I quickly discovered that the way to properly access the jam was to open the back of the unit. But, having removed the jammed photo sheet, the printer still thought there was a jam. And it remained stuck in the erroneous “fix it” display, without providing me any way to override the message and restart the print job.
I had to unplug the unit to reboot it.
Rebooting is often necessary with this easily confused unit.
(4) Silly photo trays and photo function
Brother fitted this unit with a photo paper tray that sits on top of the letter sized paper tray below it. The manufacturer’s reasoning is that one can put photo paper in the upper tray, without first having to unload the bottom tray of conventional paper.
Sound like a good idea?
Not in practice.
First, the photo trays are allegedly for 3x5 and 4x6 inch photo paper, which means (as we will see below) that one cannot print on larger photographic paper.
The 3x5 inch size tray doesn’t work at all on our unit. When paper is placed in it and the moveable side adjusters have been set properly, the photo paper always gets jammed — or is ejected into Never Never Land, like atop the top of the photo tray.
If one wants to print a larger photo than 4x6 inches — or print a small photo on an 8x10 sheet of photo paper that has been placed in the conventional letter-sized paper tray — the unit ejects the unprinted 8x10 underneath the paper tray.
Thus, the printer cannot successfully use photo paper that is larger than 4x6 inches.
In addition, photo printing errors are another place where the Brother will not let the user override the message and continue printing after clearing feeding mistakes. Again, one has to unplug the unit to reboot it.
(5) Color management is atrocious
Compared to the Epson Artisan 835, which was adequate (but not great) in color management — meaning outputting color that is similar to that on the user’s computer display — the Brother printer is awful. You will spend a long time trying to calibrate it. Even then, the technical quality of the resulting prints will not be worth the effort.

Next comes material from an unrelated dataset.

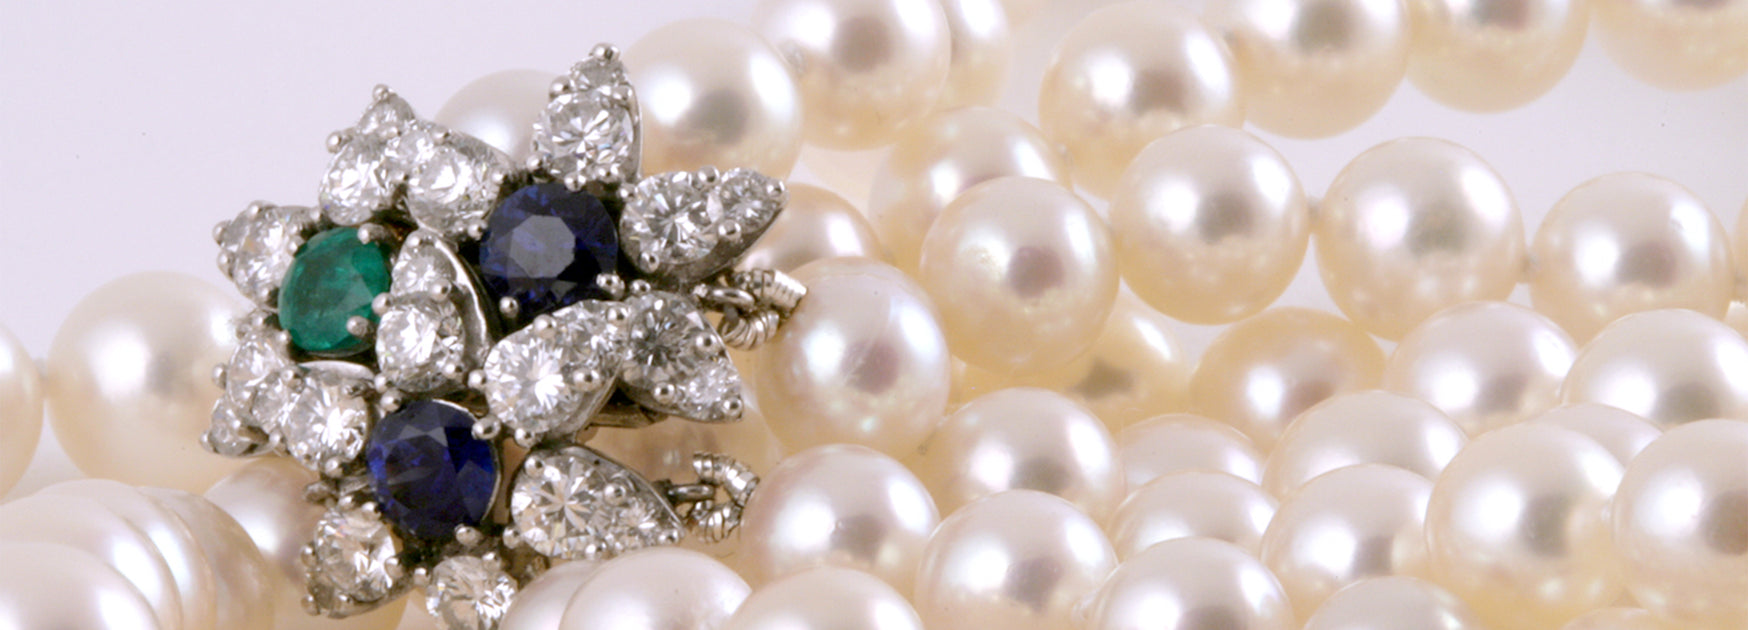 Natural VS Cultured Pearls — Mozeris Fine Antiques

(6) Stupid touch screen control panel
The touch screen is supposed to adjust from its usual forward facing position to a horizontal one, or somewhere in between. But there are no detents to lock it into the tilted position.
Consequently, when the user has the screen in any other position than facing forward, touching it to interact with the control panel drops the panel back down to the vertical position. Which, of course, defeats the purpose of making the screen tiltable.
This matters because, in the front facing position, the screen is nearly invisible to users who have the printer placed on a low or medium height table or rack.
(7) Preliminary functions take forever to complete
With our previous (non-Brother) printers, we hit “print” and they did. This unit cycles through a very long and noisy sequence of preparatory functions before it is ready to do anything.
(8) Turning the printer off is an exercise in irritating obtuseness
Ordinarily, one can turn a printer off and it is off. Not this one.
Before it shuts off, the user has to press “Yes” in acknowledging that whatever FAX data is stored will be lost. This is true, even if one has never sent or received a FAX.
The Brother will also not let users turn the printer off, without first filling the empty paper tray. Instead, the touchscreen panel insists (forever and anon) that the user must comply with its demands.
Manufactured-in inefficiency typifies the unit.
Positives
Text looks adequate.
In summary — a really lousy printer
The Brother MFC-J650-DW wireless inkjet printer is a stupidly conceived, time-wasting device.
Down the road, I will report on its longer term reliability.
Is that an oxymoron? How can a stupidly conceived, time-wasting device be reliable — except by being consistently inept?